Debt collectors are still entitled to ask you to repay your lawful debts, despite your FDCPA rights. There are a few things to keep in mind while you go through this procedure.
Check your credit reports for collection accounts
It’s critical to understand the age of any genuine bills you owe. This is because negative information on your credit reports, such as debt outstanding, is normally kept for seven years.
A late payment or a past due account will have a negative influence on your credit history. In fact, because payment history is the most important element in determining your FICO and VantageScore, overdue accounts with a past due balance can have a significant negative impact on your ratings.
The Fair Credit Reporting Act allows everyone in the United States to view each of their three credit reports for free at least once a year. You can check if you have any collection accounts by getting a copy of your free credit report from each of the main credit agencies Equifax, Experian, and TransUnion.
Keep in mind that even if you pay off a debt that appears on your credit reports, it may appear as a paid collection on those reports for up to seven years.
Know the statute of limitations for your debt
You can assess if you still have legal duty by looking at the age of your debt. Even though debt collectors threaten you, once the statute of limitations has expired, they will be unable to prosecute you for collection unless the debt is revived.
The statute of limitations that the debt collection agency must follow is likely determined by where you live and the sort of debt you have. According to the Consumer Financial Protection Bureau, most statutes of limitations last three to six years, though they may go longer in other jurisdictions.
Contact your state attorney general’s office if you want to learn more about your state’s debt collection laws.
Making a payment could restart the clock on your debt
Making a partial payment on your debt may restart the statute of limitations in several states. As a result, before you agree to a payment plan, make sure you’re fine with the idea of having to pay off all of your debt at some point. It’s also a good idea to write down your payback plan and double-check it for correctness.

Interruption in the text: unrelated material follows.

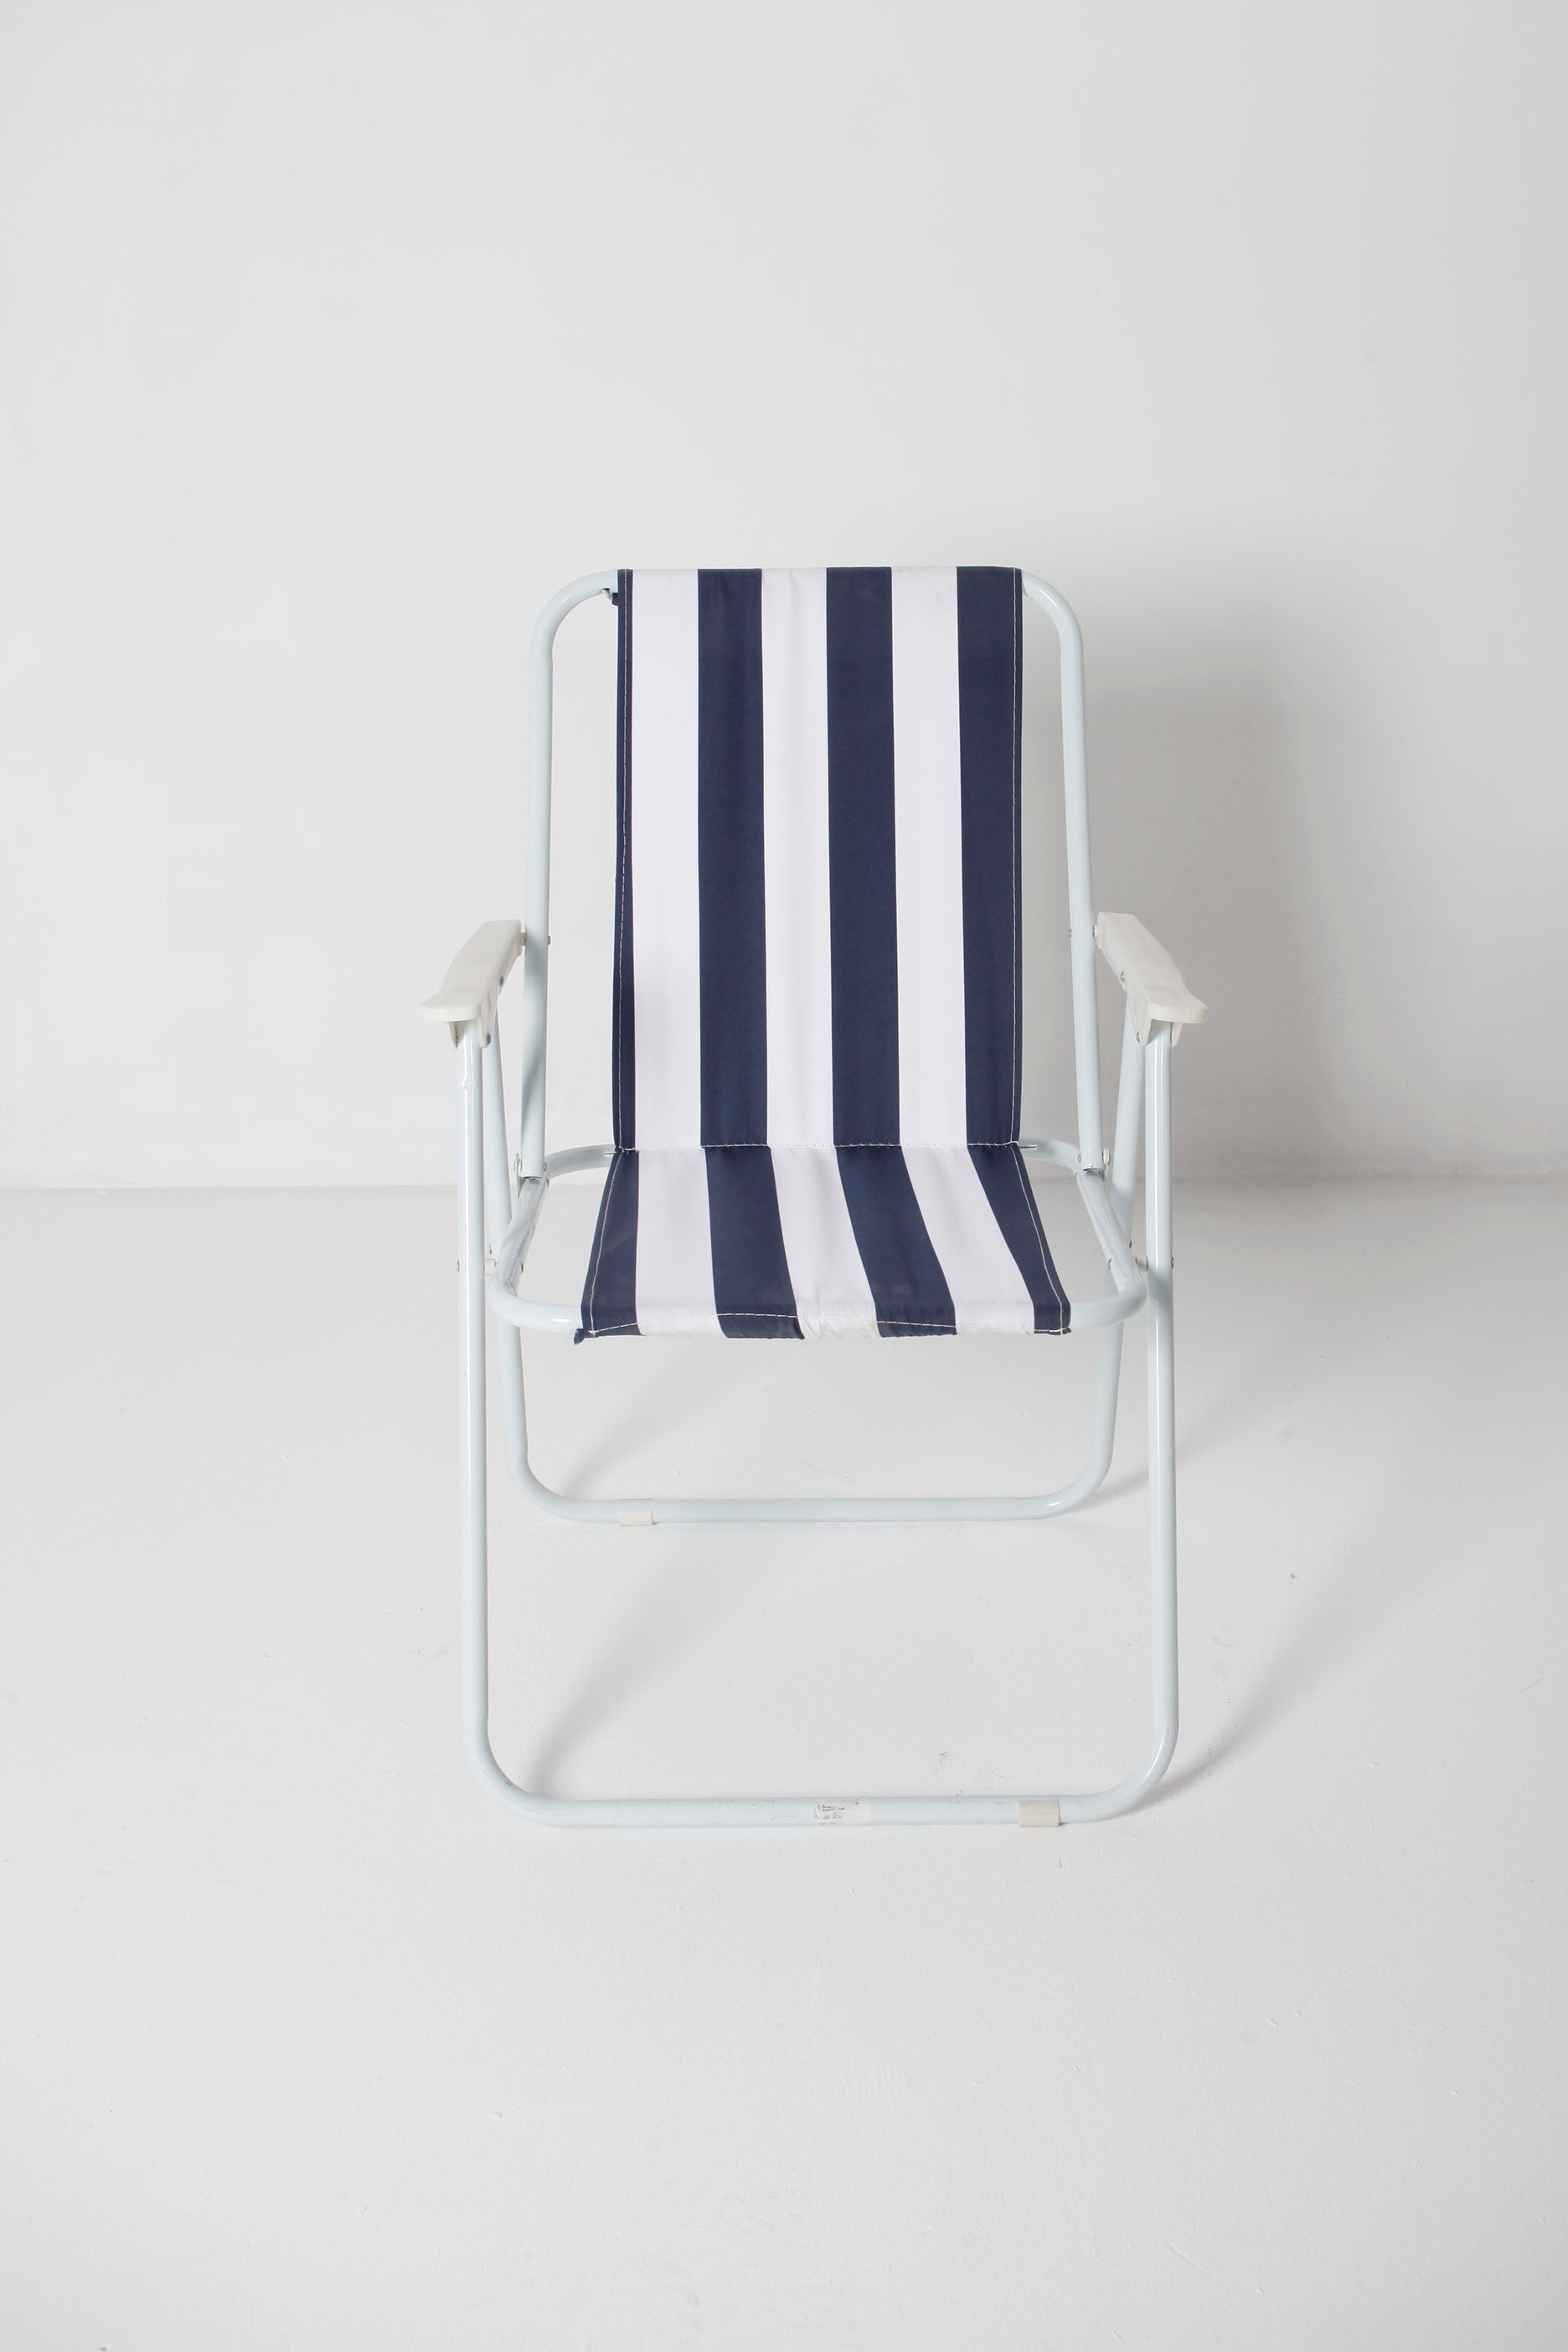 Blue and White Striped Deck Chair
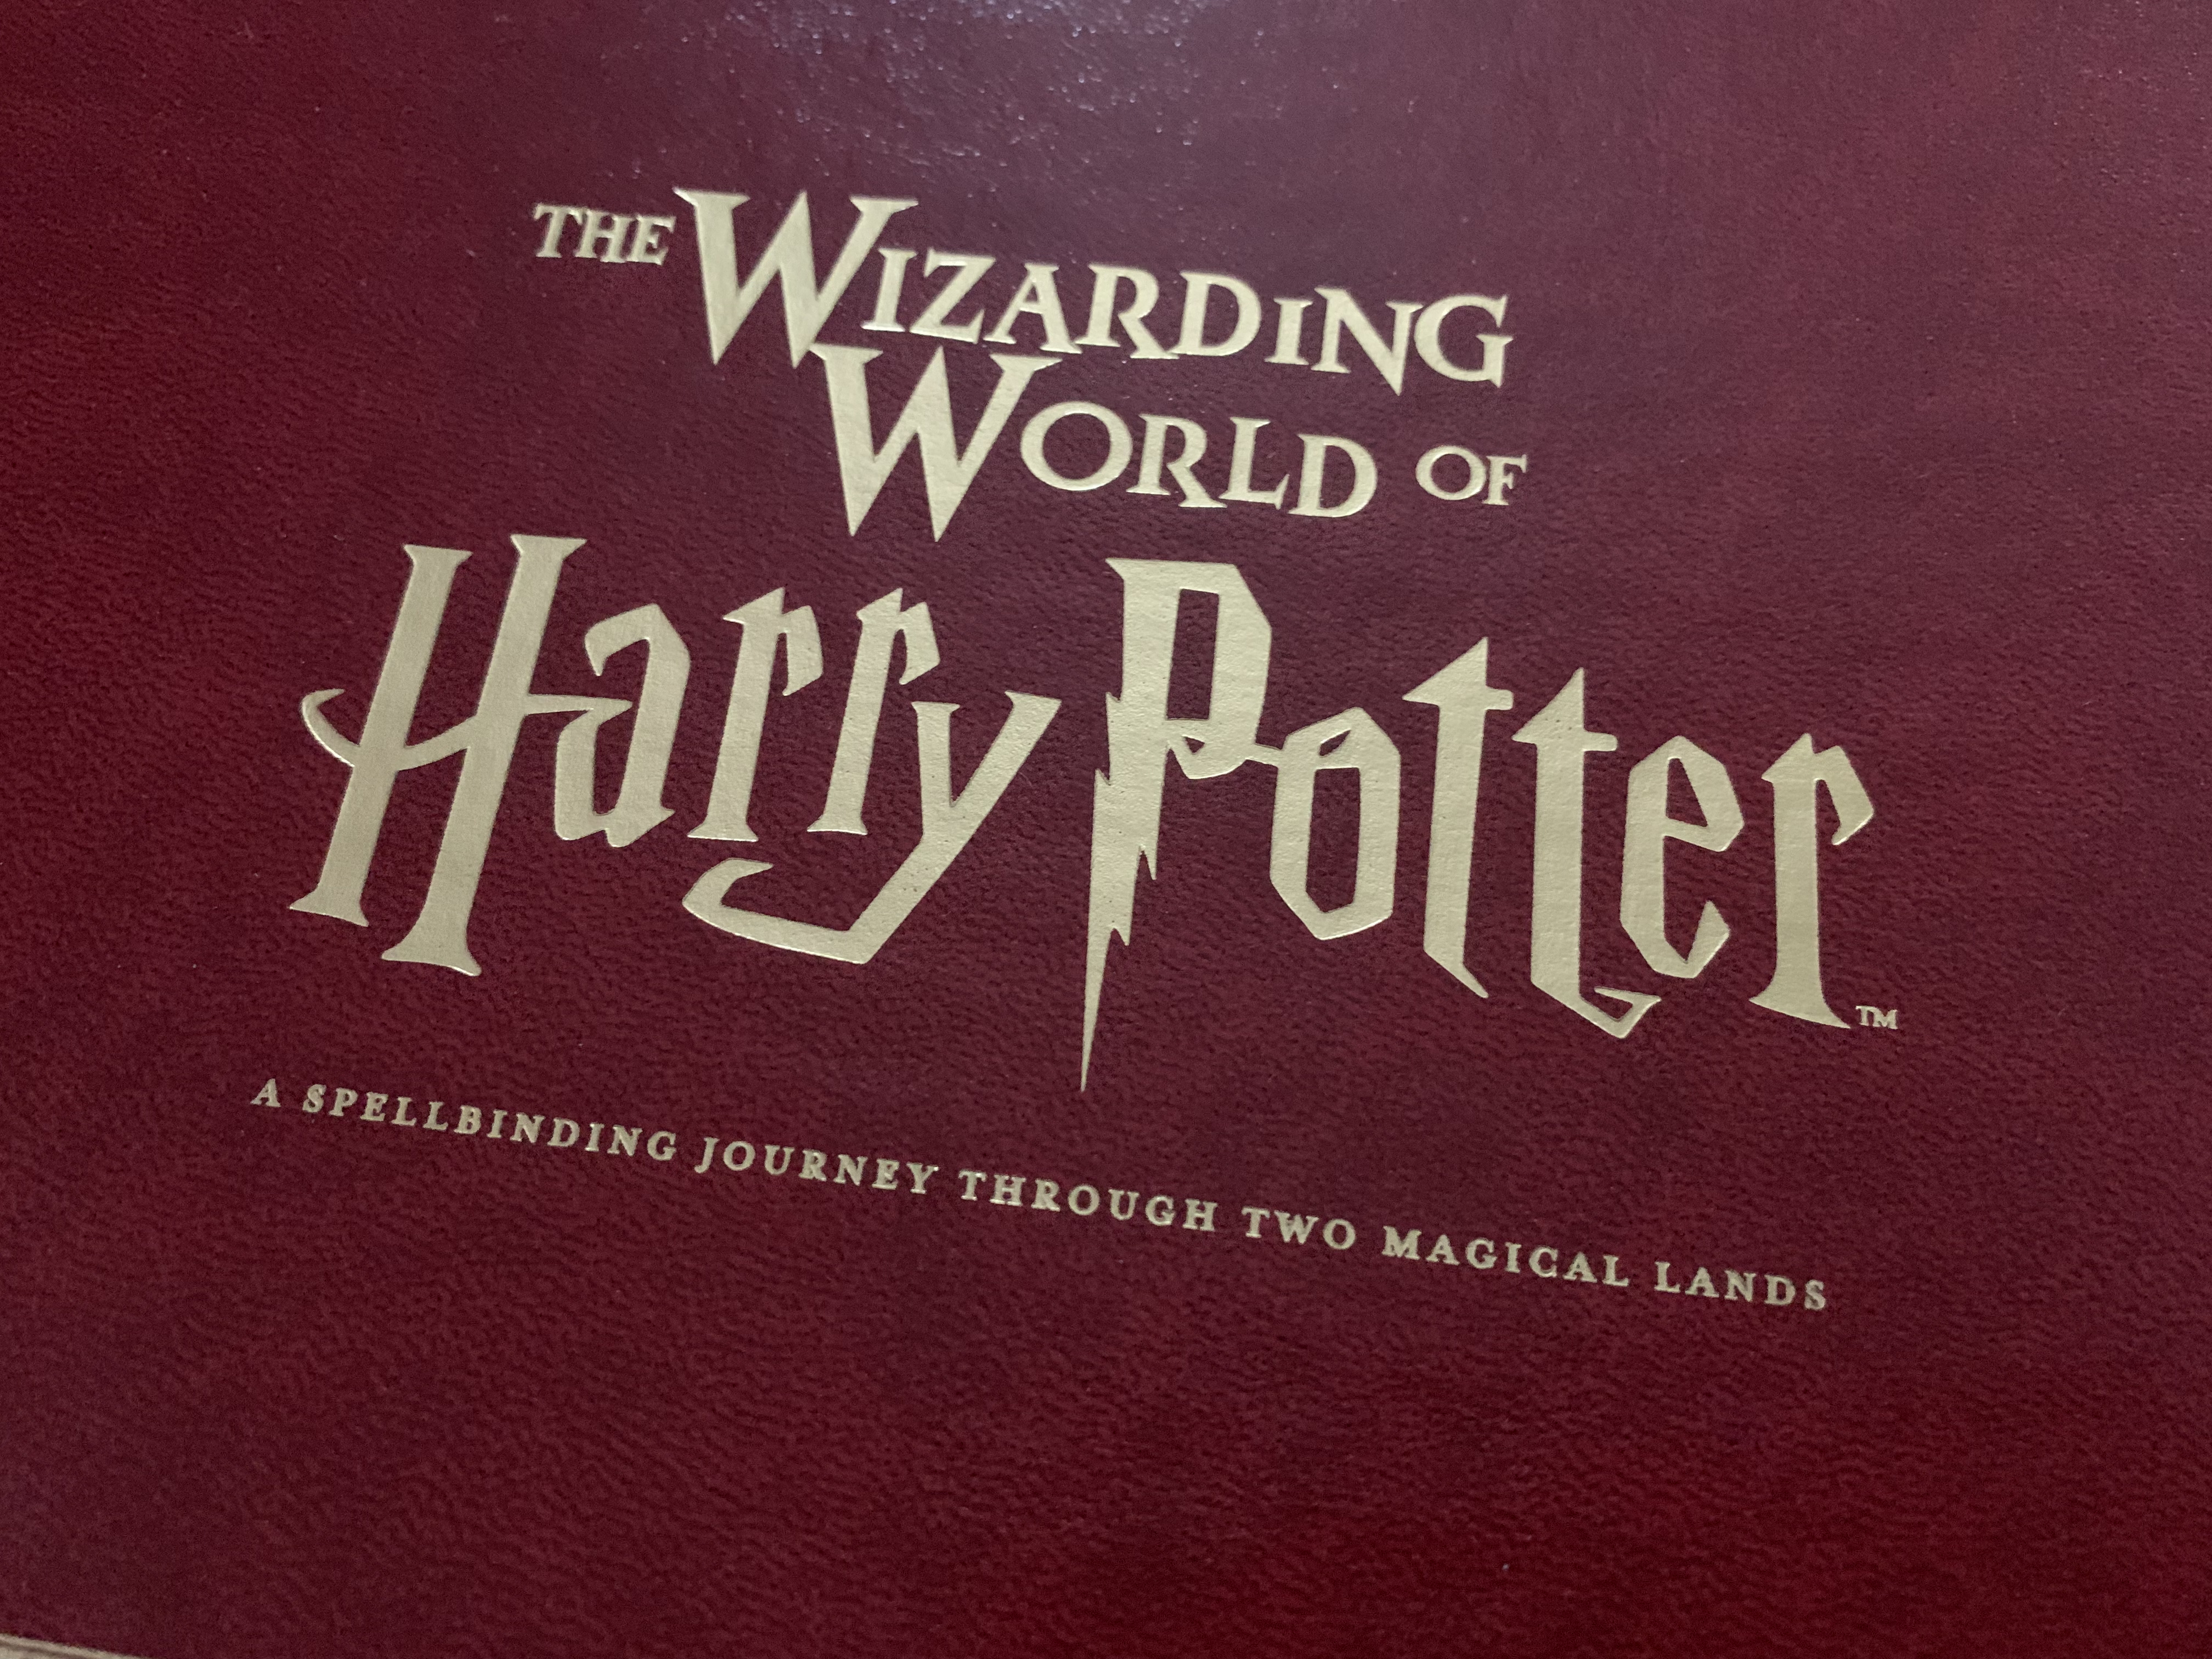 Your “Wizarding World of Harry Potter Exclusive Vacation Package” will feature a keepsake box of special items that will arrive prior to your trip.

Debt collectors may be more ready to reach a settlement with you if your debt is approaching the statute of limitations in your state, according to the Consumer Financial Protection Bureau.
Respond to lawsuit notices
It’s critical that you don’t dismiss a debt collection endeavor. If debt collectors are unable to contact you and negotiate a settlement, they may be entitled to sue you.
If you ignore a summons, even if you believe the debt is too old, the debt collector may obtain a judgment and pursue your assets or garnish your earnings, depending on your state’s laws.
If you’re concerned that you won’t be able to pay a counsel to defend you against a debt collector’s lawsuit, the Consumer Financial Protection Bureau gives information on state legal aid offices.
Send a ‘drop dead’ letter
Are you fed up with debt collectors calling you all the time? You have the right to request that they refrain from contacting you. You can do so by sending a “drop dead letter” to the debt collector, which is a formal notice alerting them that you don’t want to be contacted any more.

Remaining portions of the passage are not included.